All numbers are real wrk runs against published Hyperion configs. Hyperion ships with default-ON structured access logs; Puma comparisons use Puma defaults (no per-request log emission). Each section is stamped with the Hyperion version it was measured against — newer versions (1.3.0+ --async-io, 1.4.0+ TLS h1 inline, 1.4.1+ Metrics fiber-key fix) preserve or improve these numbers; we re-run the headline configs each release and have not seen regressions on these workloads.

Hello-world Rack app

bench/hello.ru, single worker, parity threads (-t 5 vs Puma -t 5:5), 4 wrk threads / 100 connections / 15s, macOS arm64 / Ruby 3.3.3, Hyperion 1.2.0:

r/s p99 tail vs Hyperion
Hyperion 1.2.0 (default, logs ON) 22,496 502 µs
Falcon 0.55.3 --count 1 22,199 5.36 ms 11× worse
Puma 7.1.0 -t 5:5 20,400 422.85 ms 845× worse

Hyperion: 1.10× Puma throughput, parity with Falcon on throughput, ~10× lower p99 than Falcon and ~845× lower than Puma — while emitting structured JSON access logs the others don't.
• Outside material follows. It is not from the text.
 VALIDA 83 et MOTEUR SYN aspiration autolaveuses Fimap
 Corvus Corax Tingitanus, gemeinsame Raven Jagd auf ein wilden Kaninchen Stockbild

Production cluster config (-w 4)

Same bench app, -w 4 cluster, parity threads (-t 5 everywhere), 4 wrk threads / 200 connections / 15s, macOS arm64:

r/s p99 tail vs Hyperion
Falcon --count 4 48,197 4.84 ms 5.9× worse
Hyperion -w 4 -t 5 40,137 825 µs
Puma -w 4 -t 5:5 34,793 177.76 ms 215× worse (1 timeout)

Falcon edges Hyperion ~20% on raw rps at -w 4 on macOS hello-world. Hyperion still leads on tail latency by 5.9× over Falcon and 215× over Puma, and beats Puma on throughput by 1.15×. On Linux production-config and DB-backed workloads (below) Hyperion takes the rps lead too — the macOS hello-world advantage to Falcon disappears once the workload includes any actual work or the kernel is Linux.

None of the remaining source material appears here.